Trump tirade: Calls leaders 'stupid' in profanity-laced Vegas stop
Trump tirade: During a 30-minute stump speech focused mostly on foreign affairs, Trump sprinkled in a number of insults directed toward the nation's leaders.
Steve Marcus/Las Vegas Sun/Reuters
LAS VEGAS
Real estate developer Donald Trump unleashed a tirade of profanity in a speech at a boisterous Las Vegas casino as he assured a crowd of adoring supporters Thursday night that he is seriously weighing a presidential run and will make a decision soon.
During a 30-minute stump speech focused mostly on foreign affairs, Trump sprinkled in a number of insults directed toward the nation's leaders.
"Our leaders are stupid, they are stupid people," he said. "It's just very, very sad."
The setting was fitting for the casino mogul whose moniker is draped across the gold-tinged TrumpInternational Hotel & Tower just off the Las Vegas Strip. An open bar greeted more than 1,000 people, waiters passed hors d'oeuvres and a Trump impersonator entertained the crowd.
At one point, a woman in the lavish reception at the Treasure Island casino on the Las Vegas Strip yelled out that Trump should run for president.
"I think I am going to make you very happy," the developer said.
But he later said: "There is a really good chance that I won't win because of one of these blood-sucking politicians."
Trump blasted President Barack Obama's handling of Libya, Iraq, China and Afghanistan, and in one of his many curse-bombs, he lamented the nation's focus on building schools in war-torn Afghanistan, while neglecting education in the United States.
He said he wouldn't help struggling nations such as South Korea or Libya without payment and promised to use swear words while negotiating with China.
"I'm not interested in protecting none of them unless they pay," he said.
A frequent critic of the federal health care law passed last year, Trump said the Supreme Court should decide the dozens of lawsuits challenging the legislation and urged district courts not to waste their time on it.
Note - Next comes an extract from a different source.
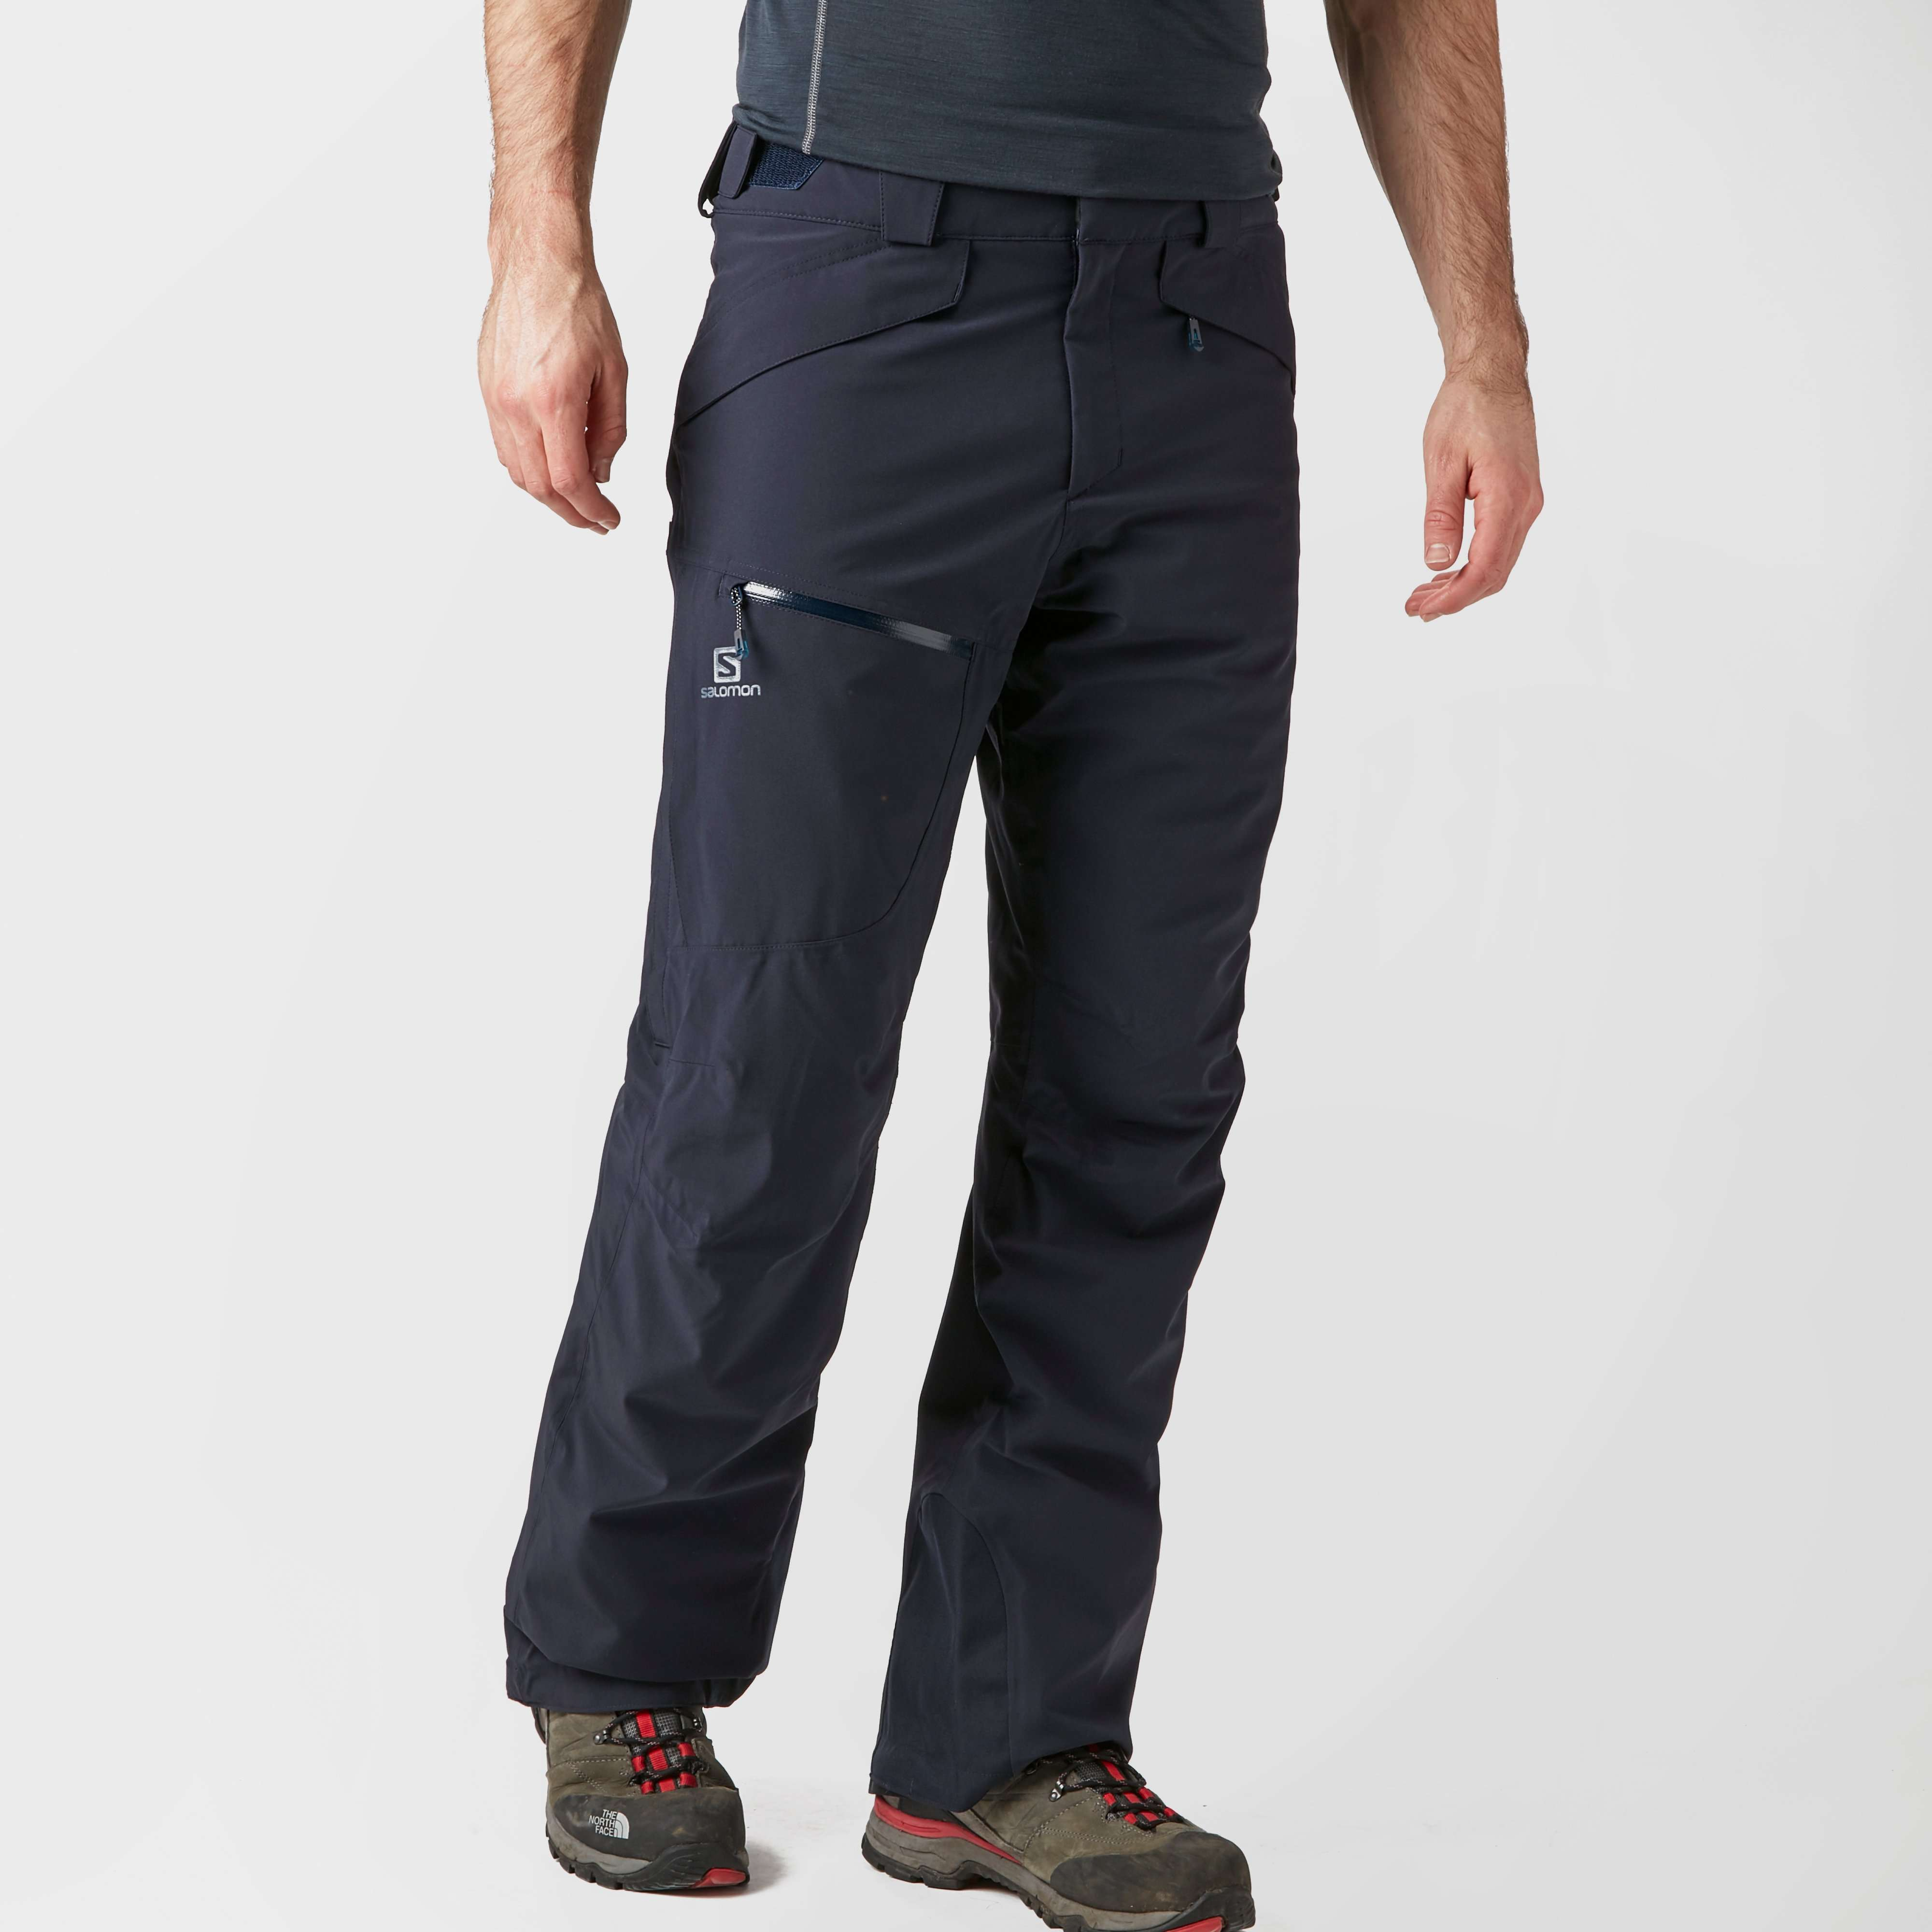 SALOMON Men's Brilliant Ski Pant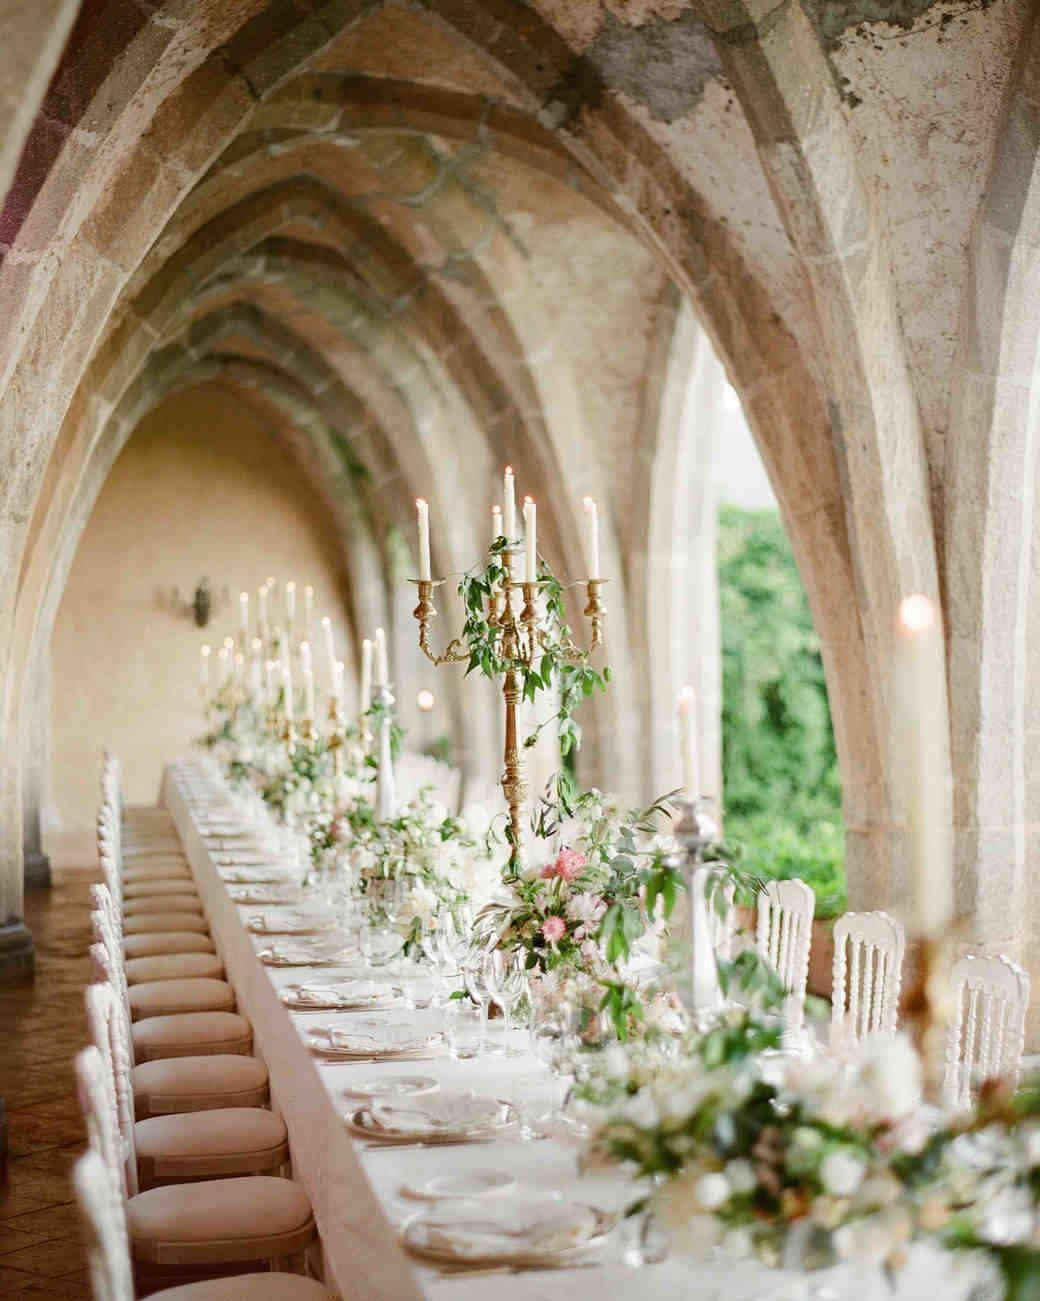 lisa-greg-italy-wedding-table-103312971_vert.jpg

Trump has created waves by questioning whether the president was born in the U.S. Obama produced his detailed Hawaii birth certificate on Wednesday, and Trump eagerly took credit for the reveal.
Trump's visit to Nevada came a day after he traveled to New Hampshire, which is set to host the first presidential primary in 2012. Nevada's caucus is scheduled to be the third presidential contest next year.
Trump hosts the successful reality series "The Celebrity Apprentice" on NBC.
"I would have to give a lot of stuff up," he told the casino crowd Thursday. "But you know what? It is peanuts compared to the importance of this country."